No picture should appear in the copy. Transcribe exactly, and only, the lines from the one with "kleiner-hafner-krug-kröning-um-1820" through the last line of the data below.

Source records

★ ★ ★

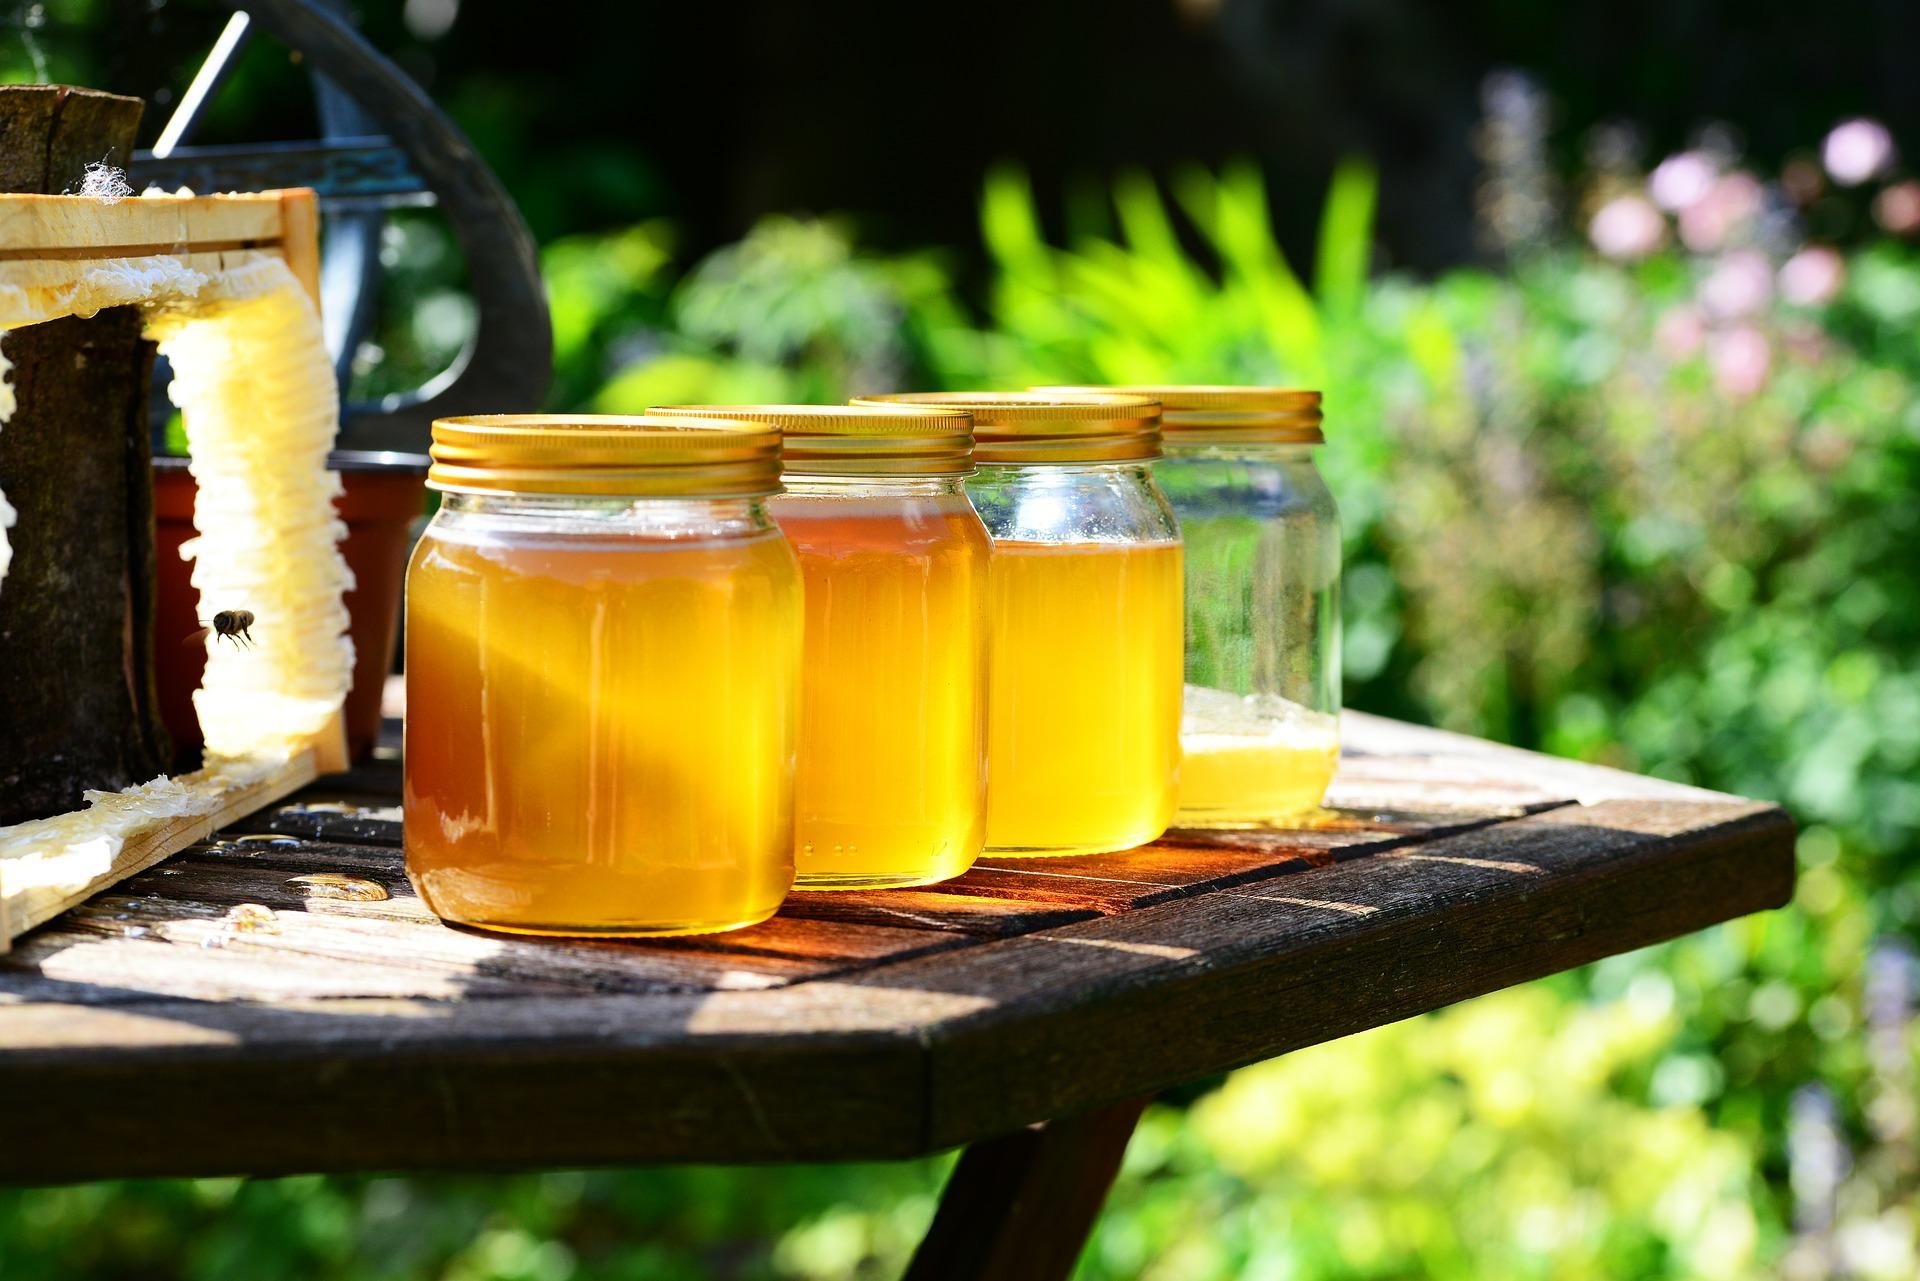 泉發蜂蜜は台湾のはちみつ専門店!コスメや石鹸はお土産にもおすすめ!
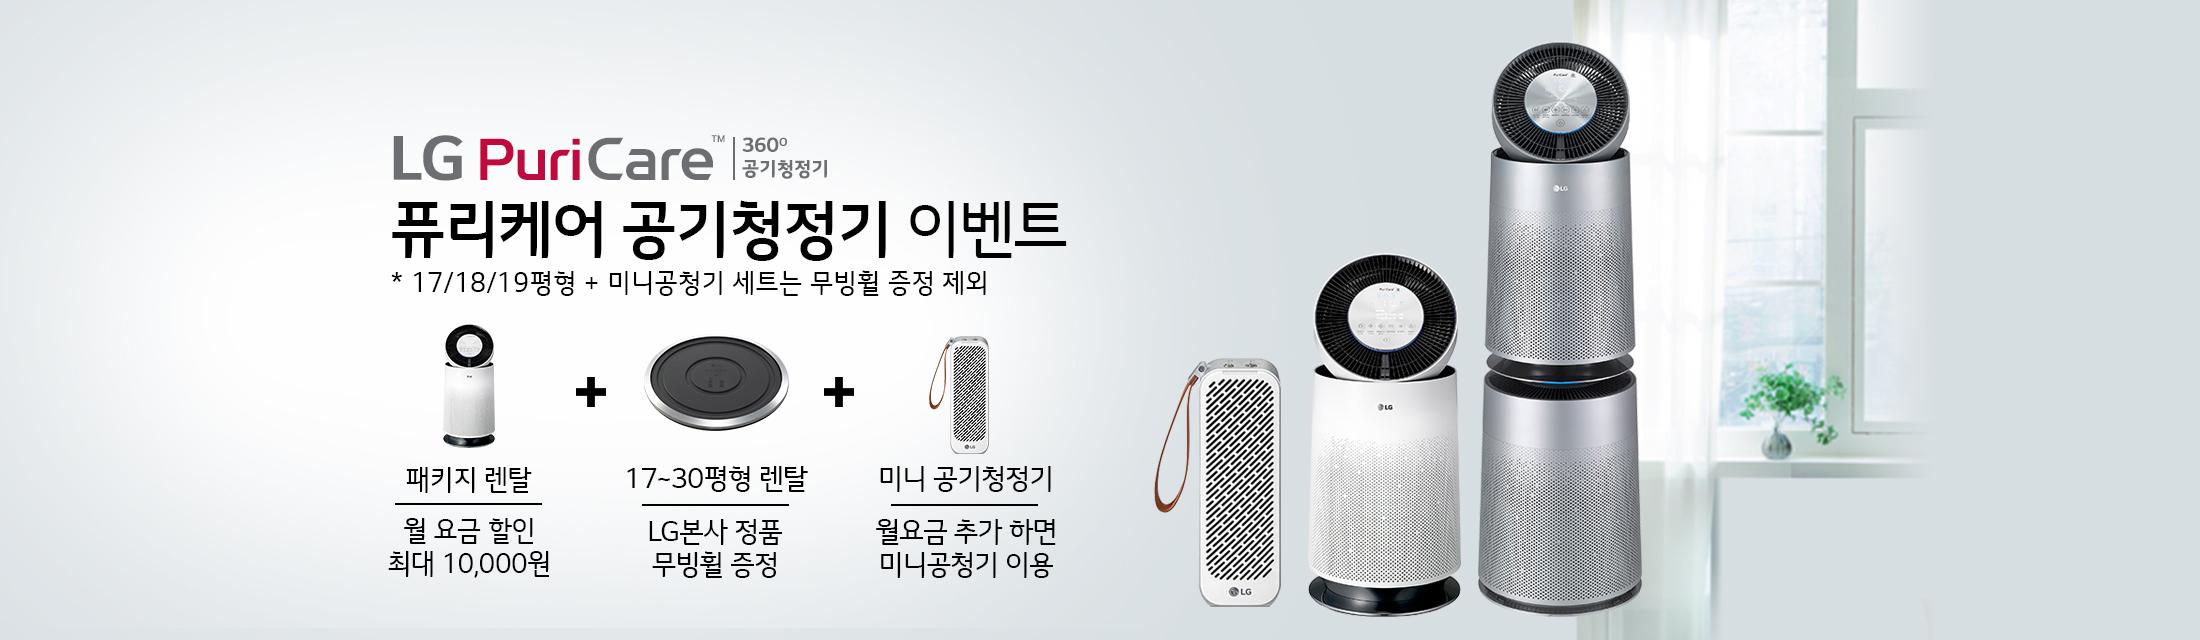 LG 퓨리케어 공기청정기 무빙휠 월요금할인 이벤트
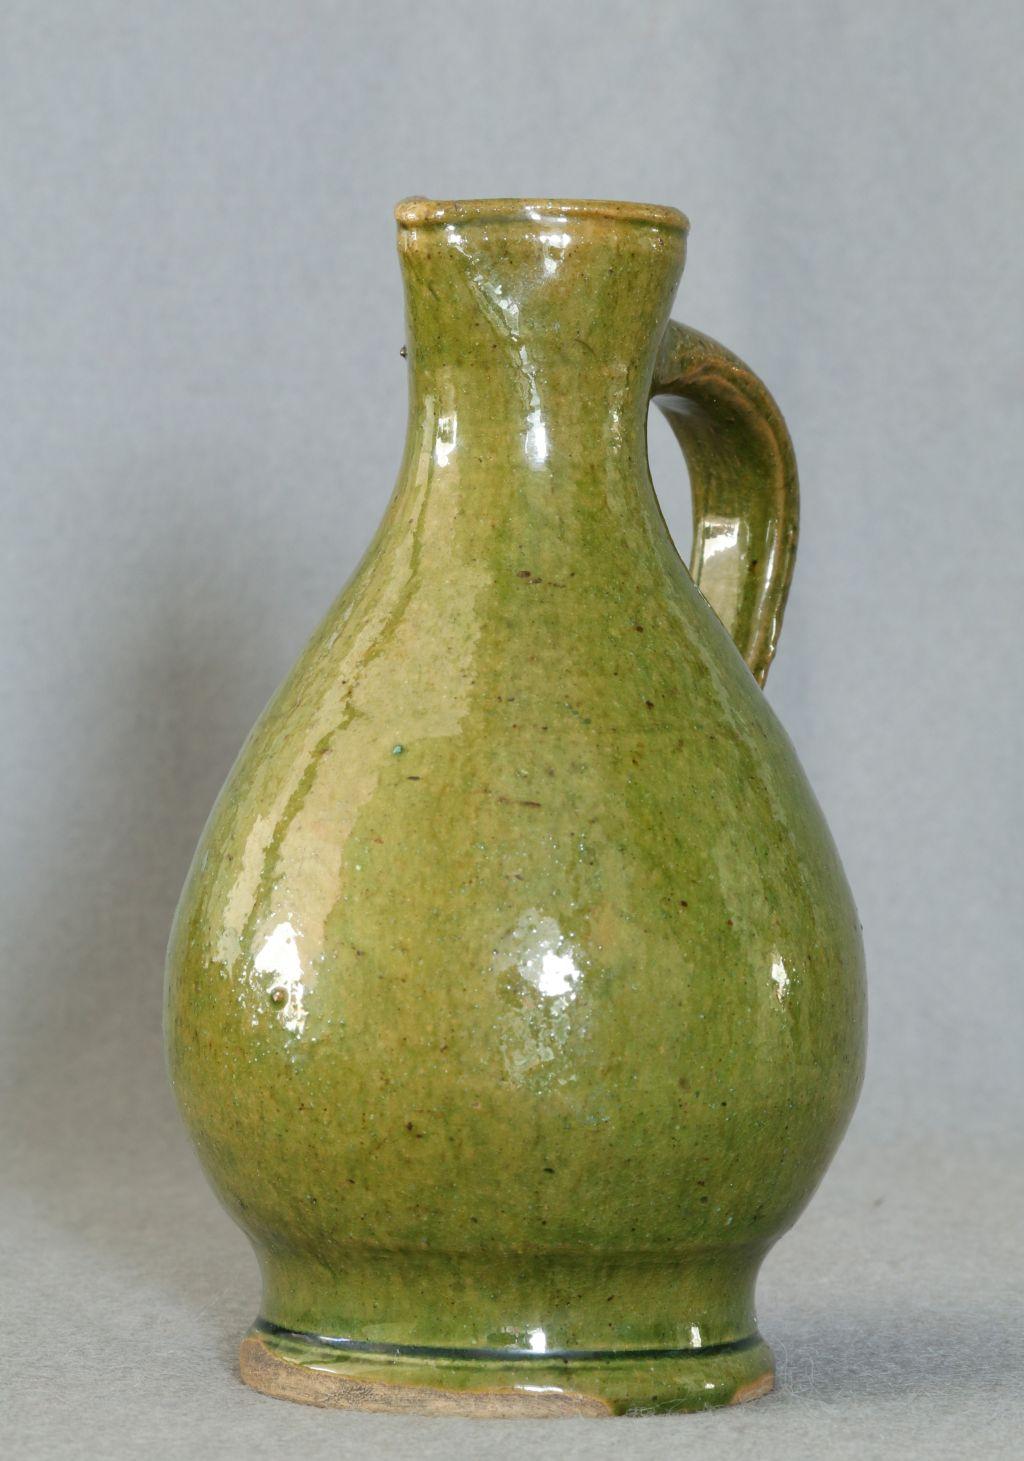 kleiner-hafner-krug-kröning-um-1820
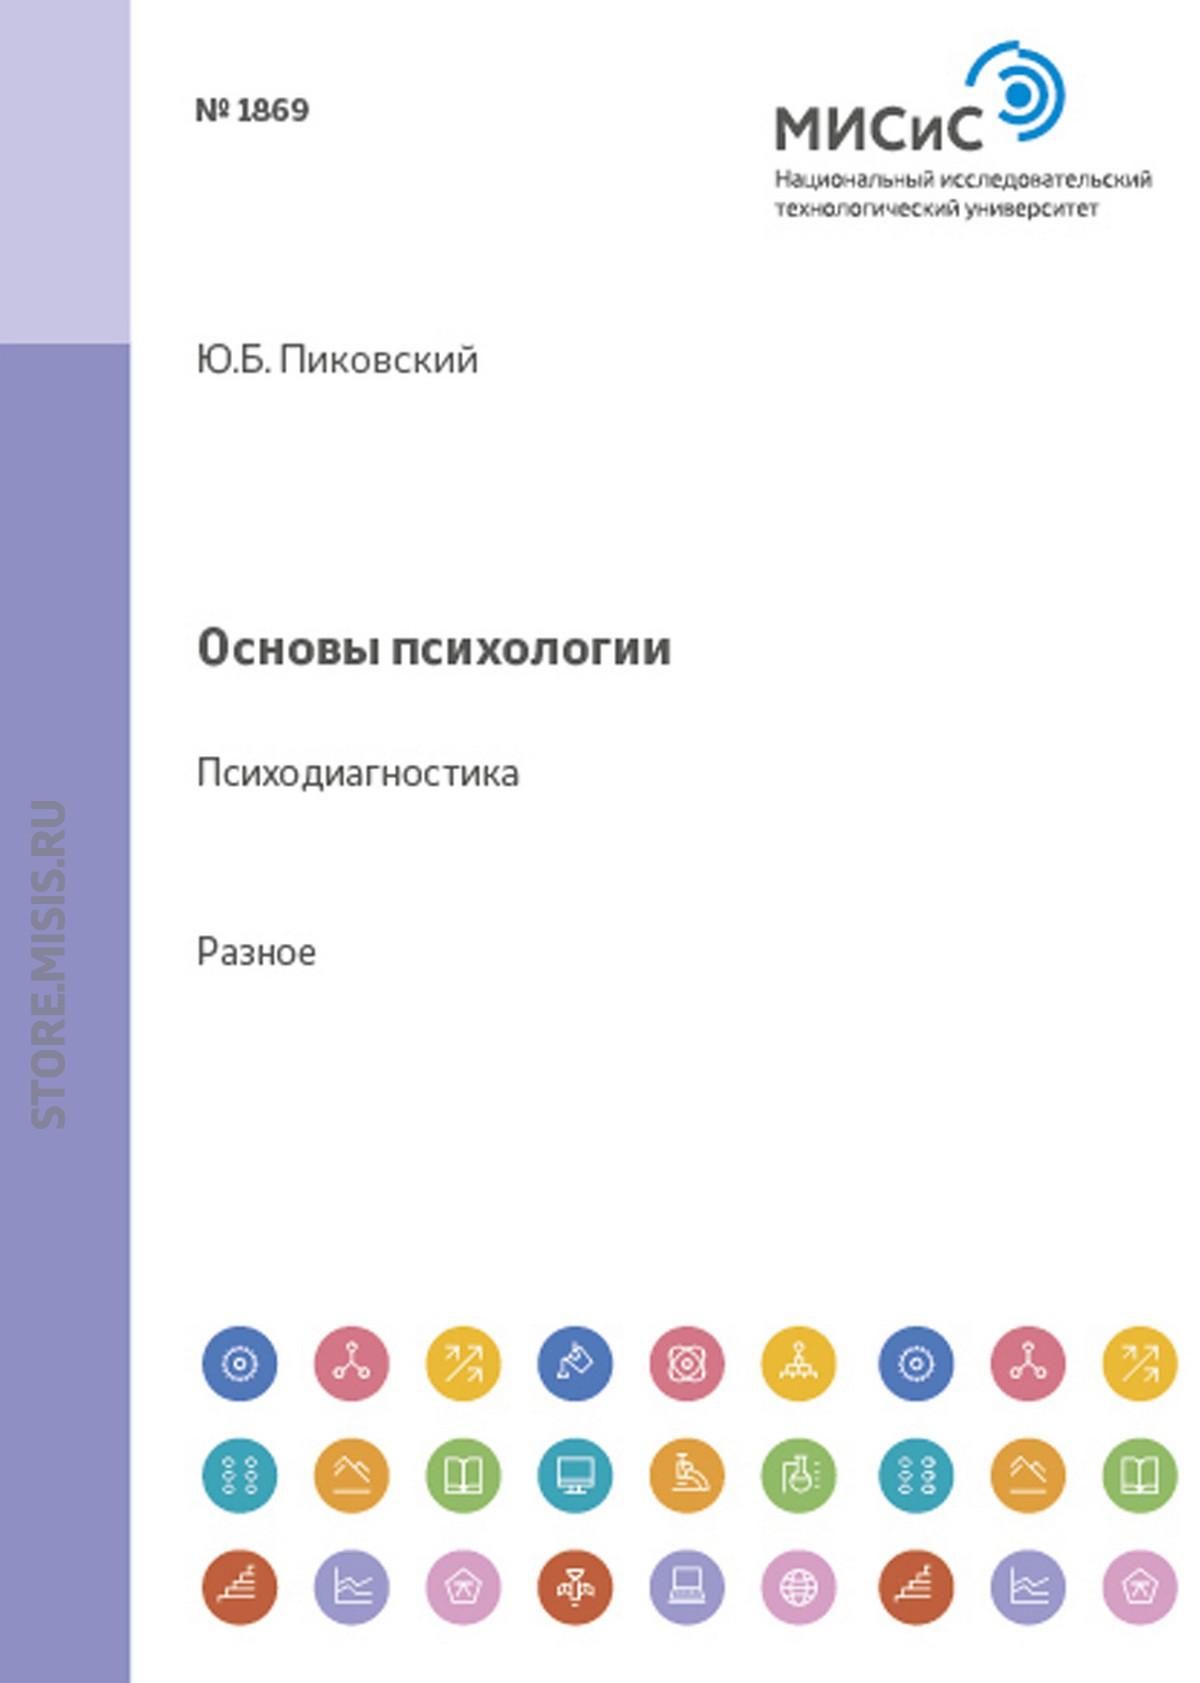 Юрий Пиковский Основы психологии. Психодиагностика
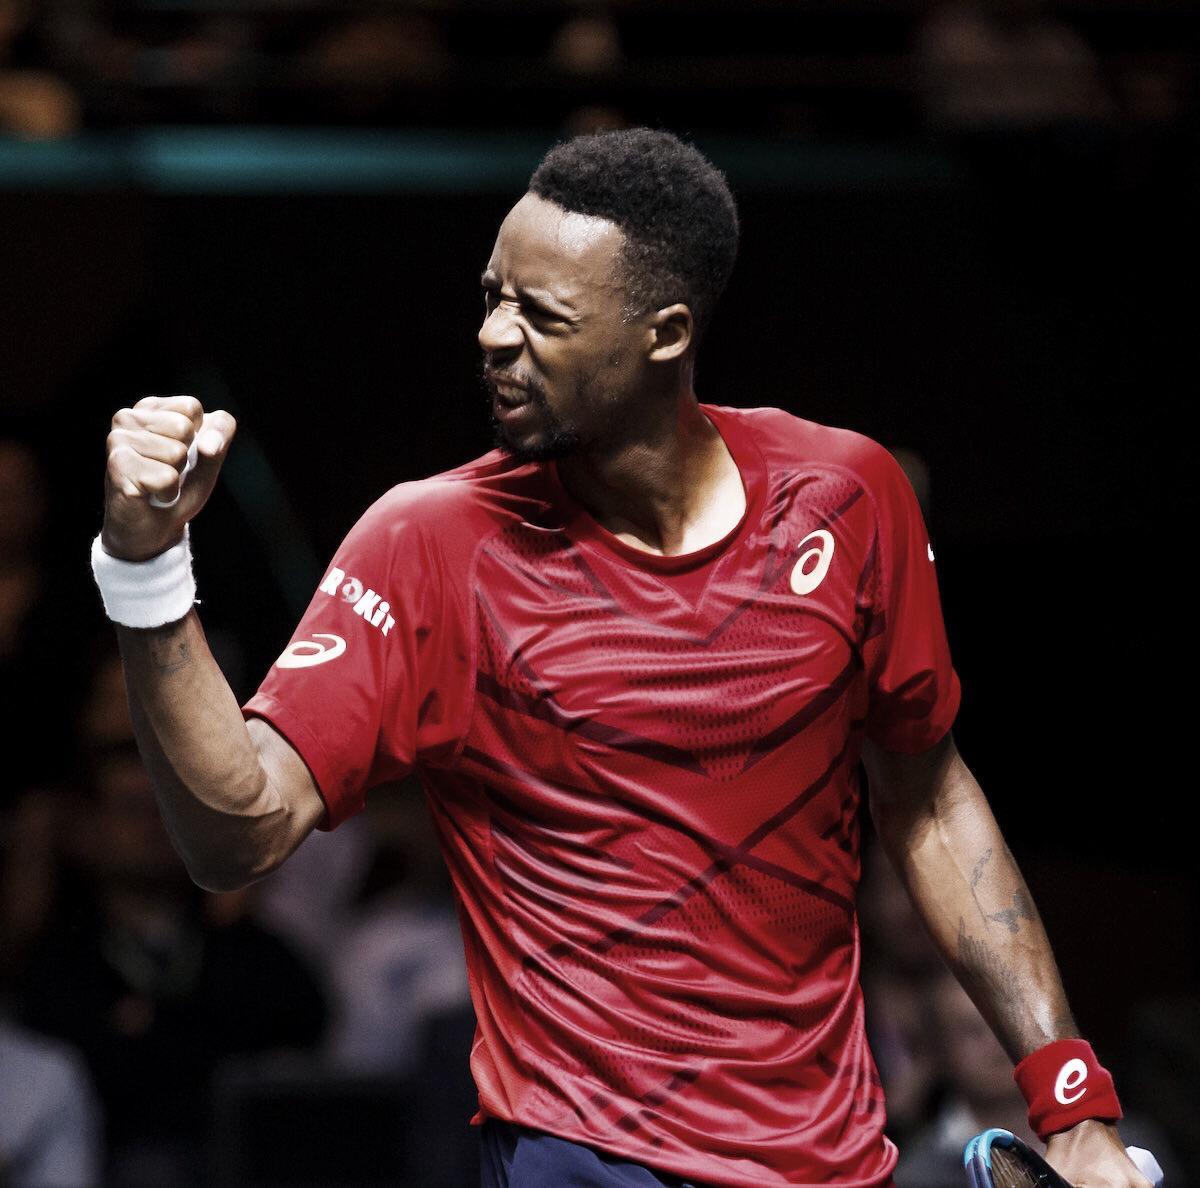 Monfils atropela Simon e se garante nas quartas de final do ATP 500 de Roterdã

★ ★ ★

## PROBLEM SOLUTION
 kleiner-hafner-krug-kröning-um-1820
 Юрий Пиковский Основы психологии. Психодиагностика
 Monfils atropela Simon e se garante nas quartas de final do ATP 500 de Roterdã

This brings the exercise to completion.